__Work required__
Nothing in the copy should be a picture; everything else in the listing is to be restated exactly.

__Dataset extract__
______

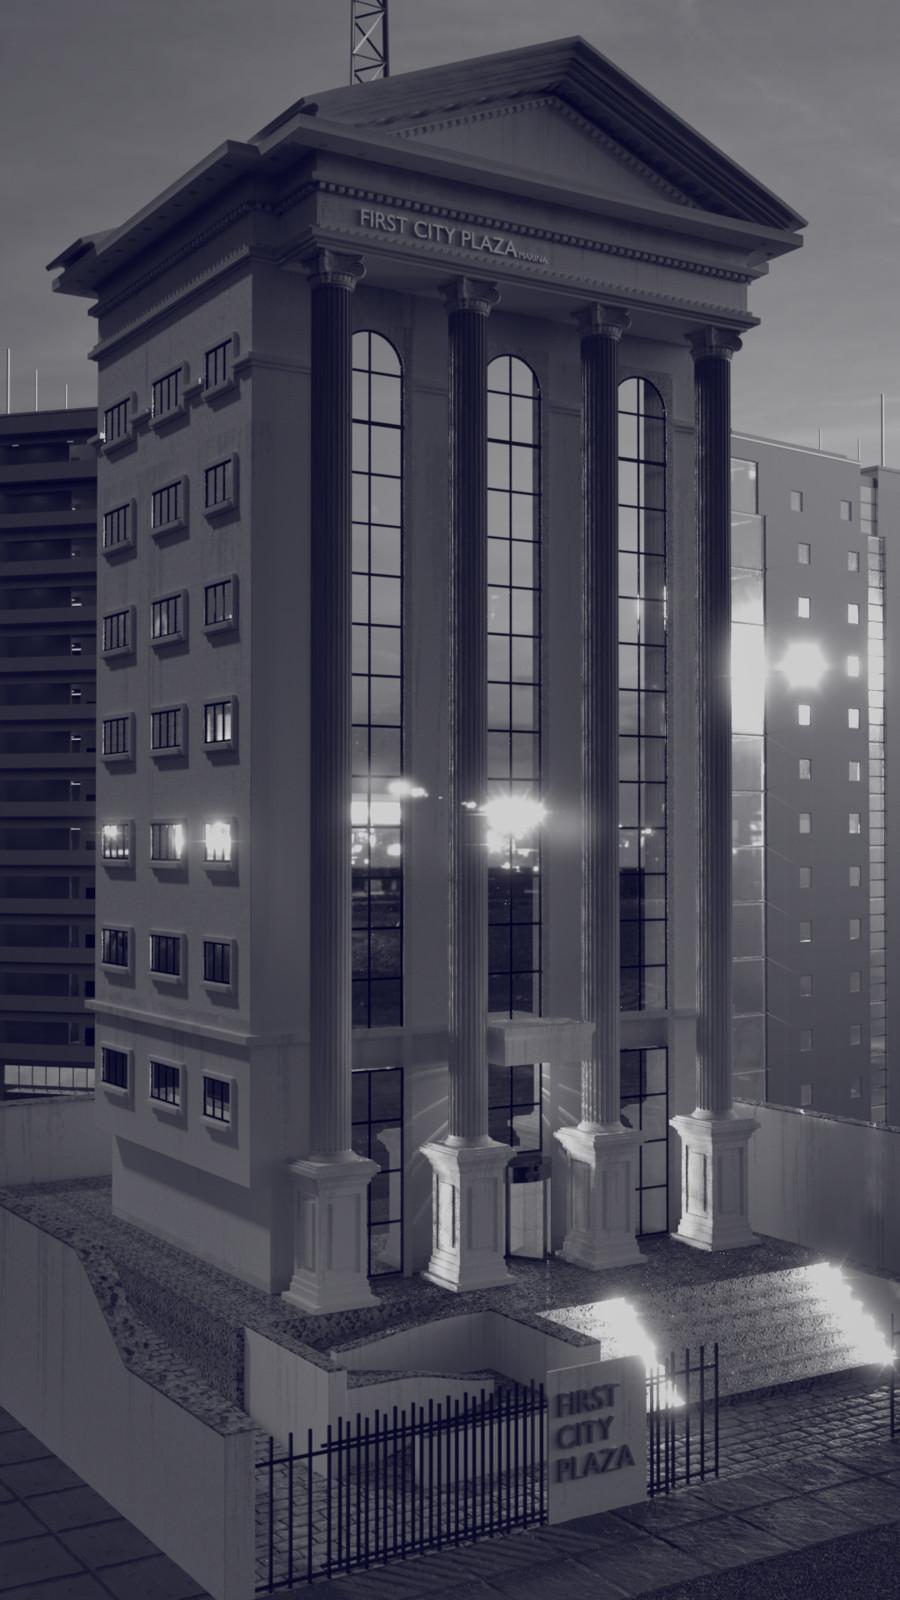 Grey scale version
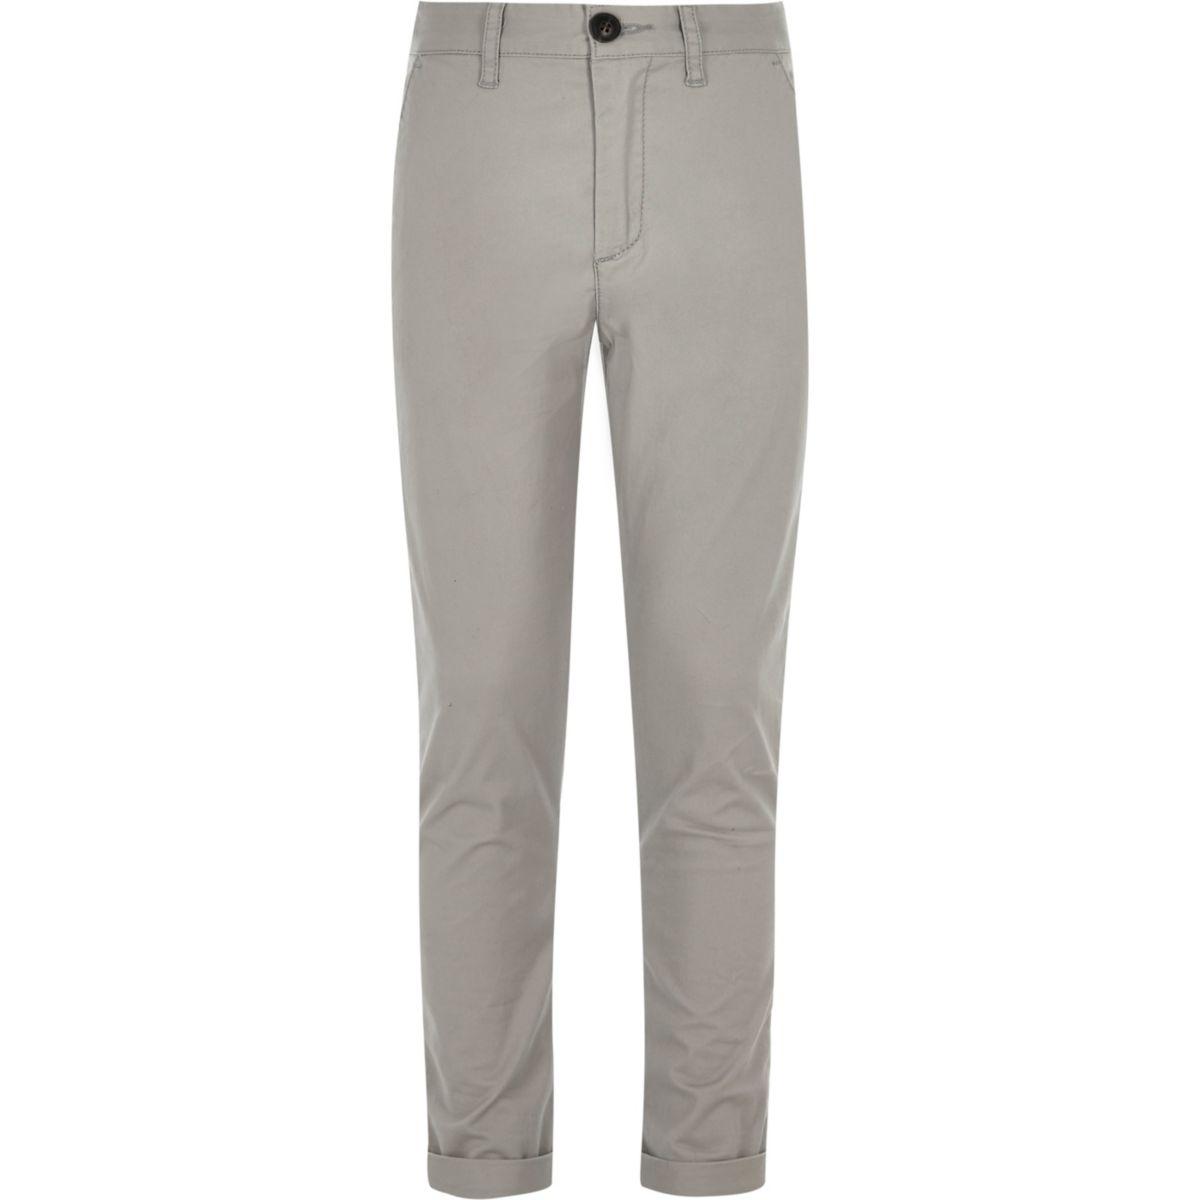 Boys grey Sid skinny fit chino pants
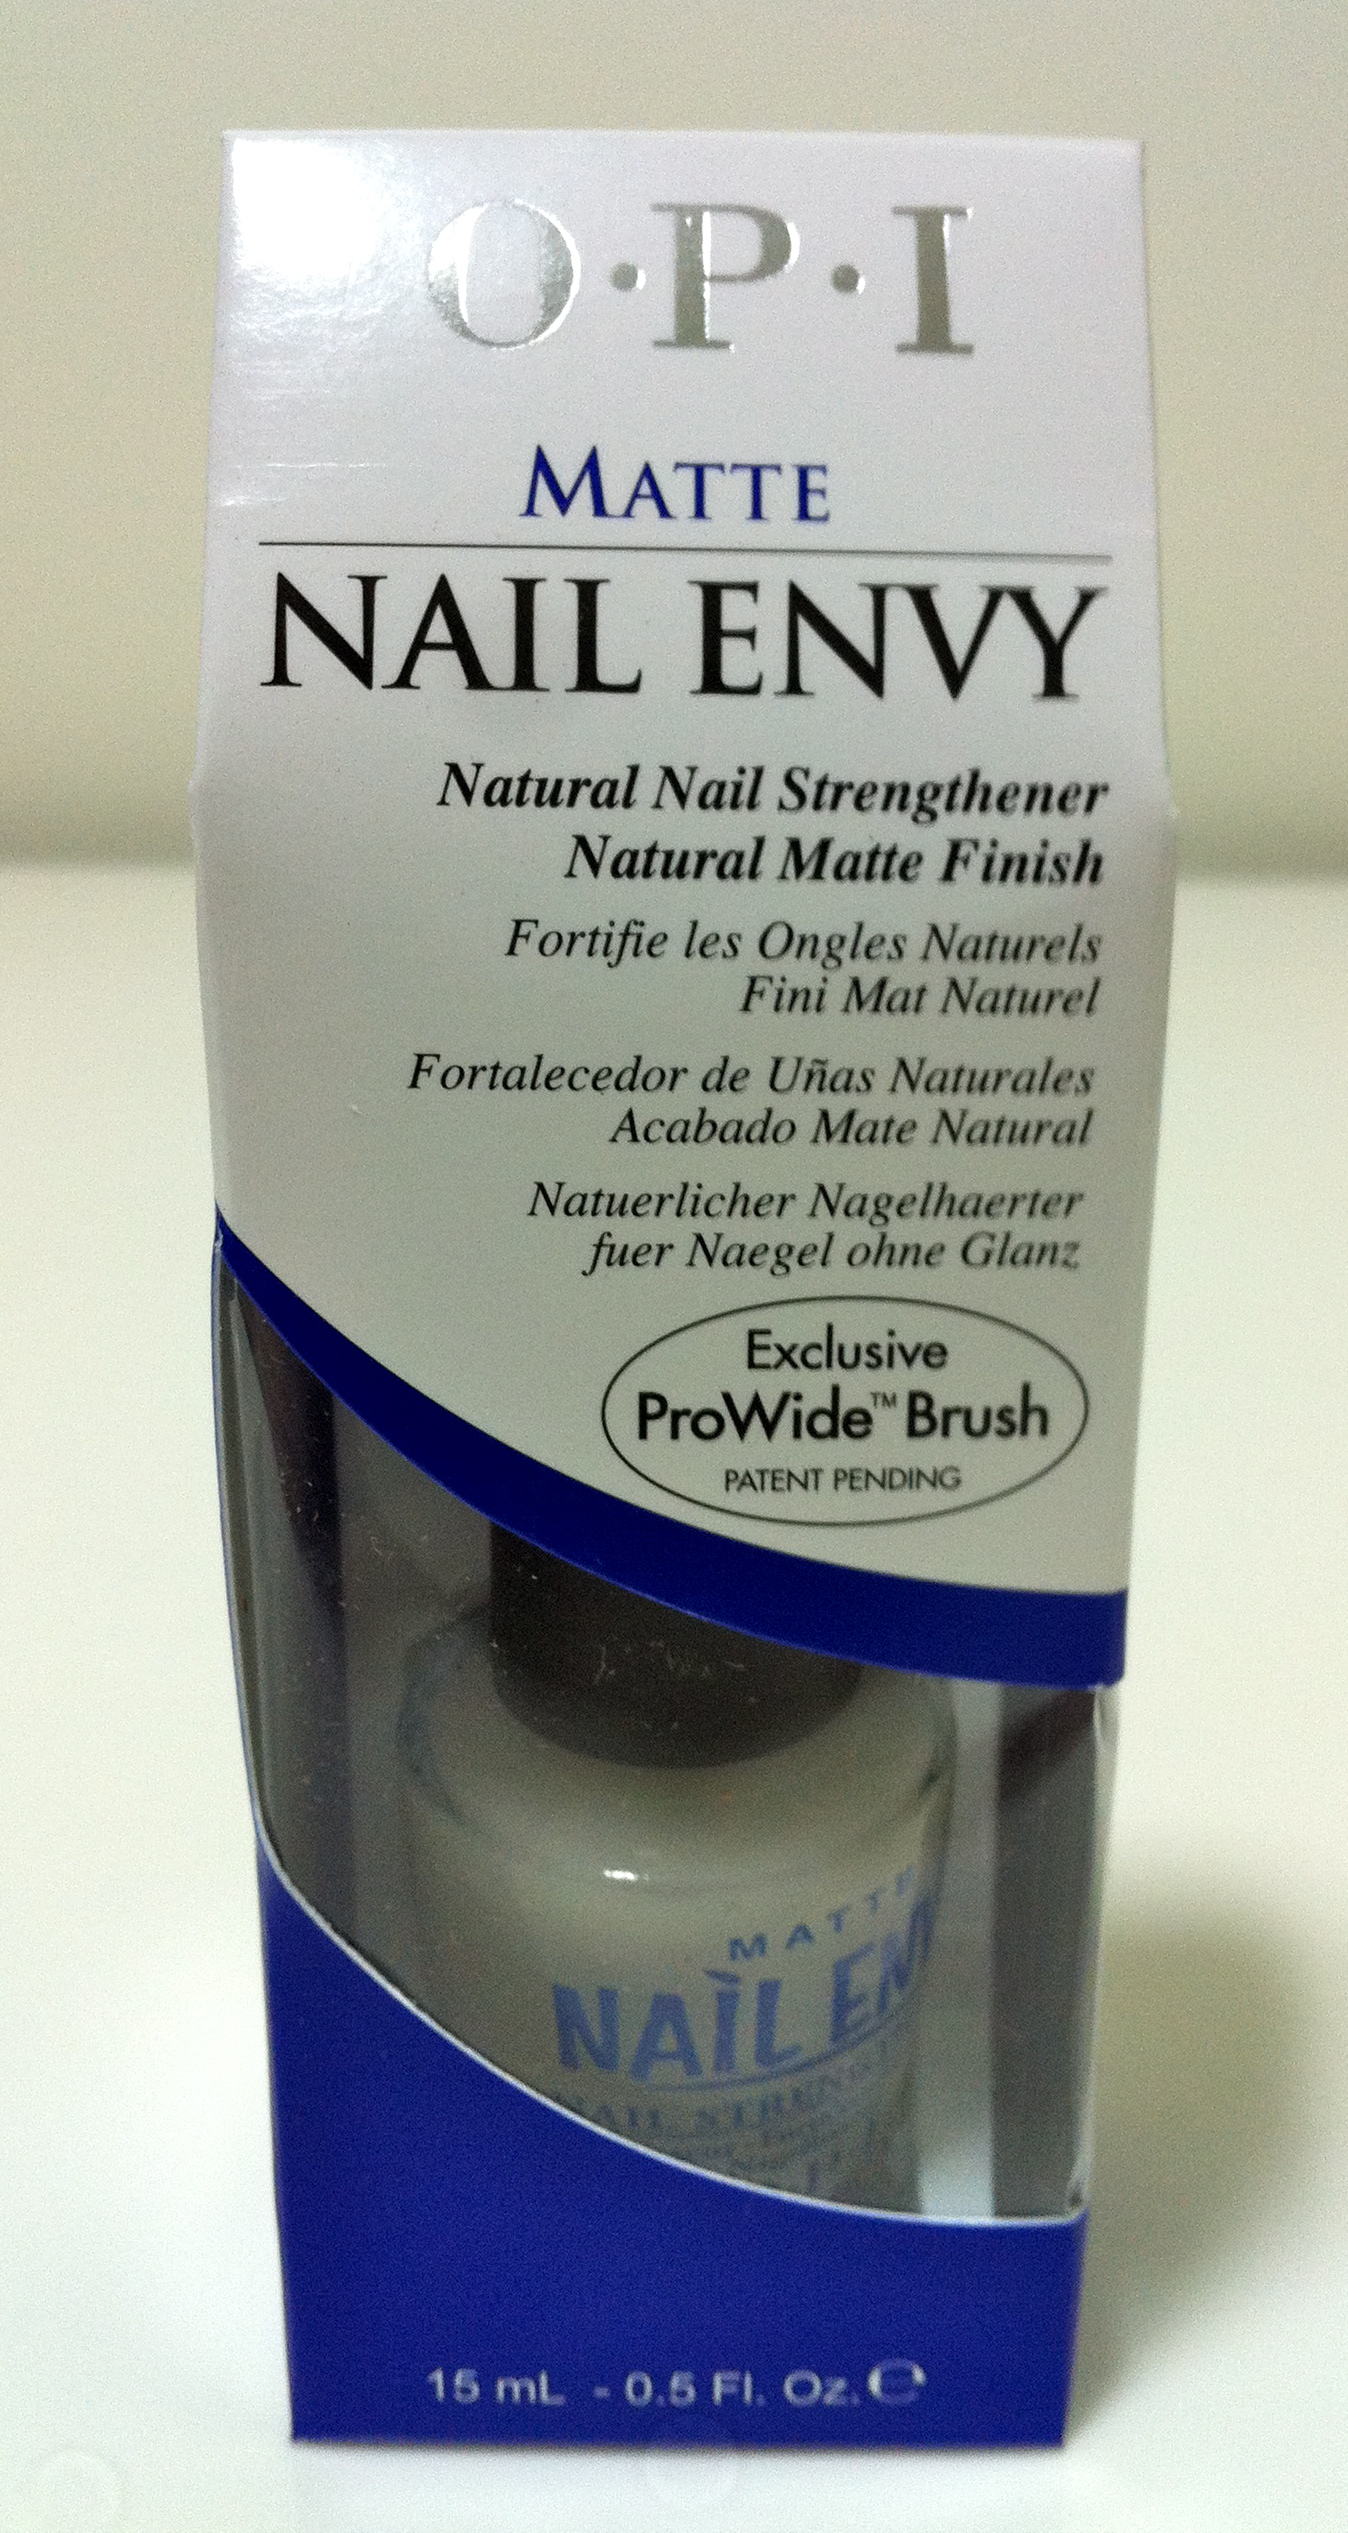 Opi Matte Nail Envy Instructions

______

__Solved problem__
 Grey scale version
 Boys grey Sid skinny fit chino pants
 Opi Matte Nail Envy Instructions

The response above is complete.